A post office called Brewster has been in operation since 1910.

Brewster is the location of the corporate headquarters and shops of the Wheeling and Lake Erie Railway, both the historic company and the current regional railroad. The WLE began producing locomotives at its Brewster shops in 1910, and boasted one of the finest steam locomotive producing facilities in the country. Over the years, the WLE built and rolled boilers and erected fifty of their own steam engines, a feat never tried by many larger and more famous railroads. The Wheeling and Lake Erie Brewster Shops continue to perform contract repairs, upgrades and fabrication of locomotives and freight cars to this day.

==Geography==
Brewster is located along Sugar Creek.

According to the United States Census Bureau, the village has a total area of 2.24 sqmi, of which 2.23 sqmi is land and 0.01 sqmi is water.

==Demographics==

Historical population
| Census | Pop. | Note | %± |
| 1920 | 928 |  | — |
| 1930 | 1,464 |  | 57.8% |
| 1940 | 1,534 |  | 4.8% |
| 1950 | 1,618 |  | 5.5% |
| 1960 | 2,025 |  | 25.2% |
| 1970 | 2,020 |  | −0.2% |
| 1980 | 2,321 |  | 14.9% |
| 1990 | 2,307 |  | −0.6% |
| 2000 | 2,324 |  | 0.7% |
| 2010 | 2,112 |  | −9.1% |
| 2020 | 2,113 |  | 0.0% |
| 2023 (est.) | 2,103 | Decrease | −0.5% |
U.S. Decennial Census

===2010 census===
As of the census of 2010, there were 2,112 people, 816 households, and 581 families living in the village. The population density was 947.1 PD/sqmi. There were 862 housing units at an average density of 386.5 /sqmi. The racial makeup of the village was 98.5% White, 0.1% African American, 0.3% Asian, 0.5% from other races, and 0.5% from two or more races. Hispanic or Latino of any race were 0.9% of the population.
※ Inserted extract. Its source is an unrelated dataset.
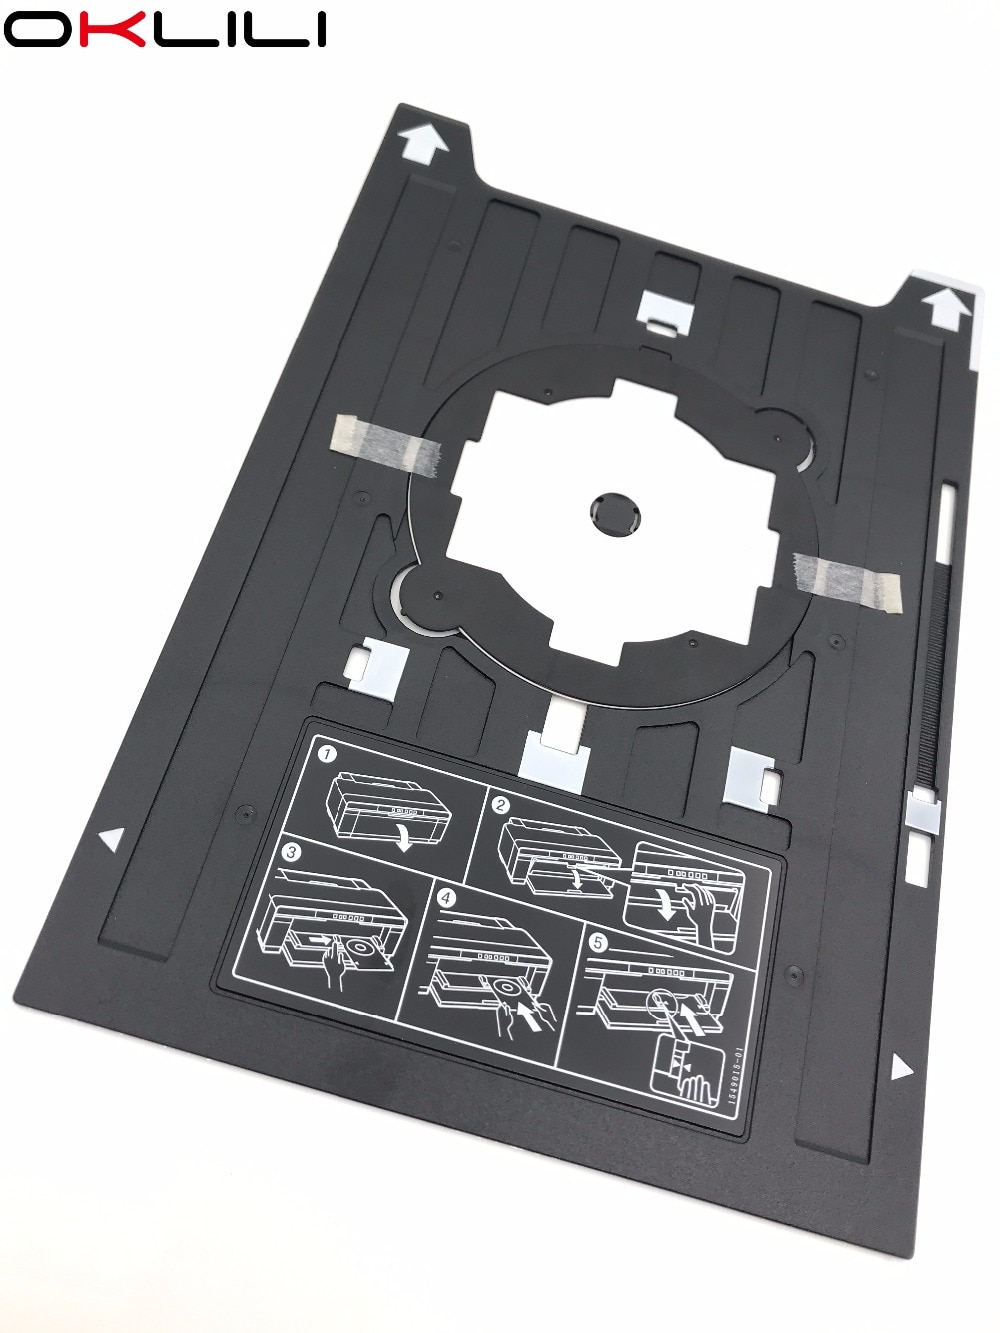 1PCX Print CD DVD VCD tray holder Disc Bracket for Epson 1400 1410 1430 1430W 1500W R800 R1800 R1900 R2000 R2880 R3000 P400 P600

There were 816 households, of which 31.4% had children under the age of 18 living with them, 54.2% were married couples living together, 11.2% had a female householder with no husband present, 5.9% had a male householder with no wife present, and 28.8% were non-families. 24.0% of all households were made up of individuals, and 12.3% had someone living alone who was 65 years of age or older. The average household size was 2.48 and the average family size was 2.91.

The median age in the village was 42.9 years. 21.4% of residents were under the age of 18; 8.3% were between the ages of 18 and 24; 23.6% were from 25 to 44; 26.7% were from 45 to 64; and 20.1% were 65 years of age or older. The gender makeup of the village was 49.0% male and 51.0% female.

===2000 census===
As of the census of 2000, there were 2,324 people, 855 households, and 630 families living in the village. The population density was 1,146.5 people per square mile (442.0/km^{2}). There were 904 housing units at an average density of 446.0 /sqmi. The racial makeup of the village was 98.97% White, 0.04% African American, 0.17% Native American, 0.17% Asian, 0.09% from other races, and 0.56% from two or more races. Hispanic or Latino of any race were 0.52% of the population.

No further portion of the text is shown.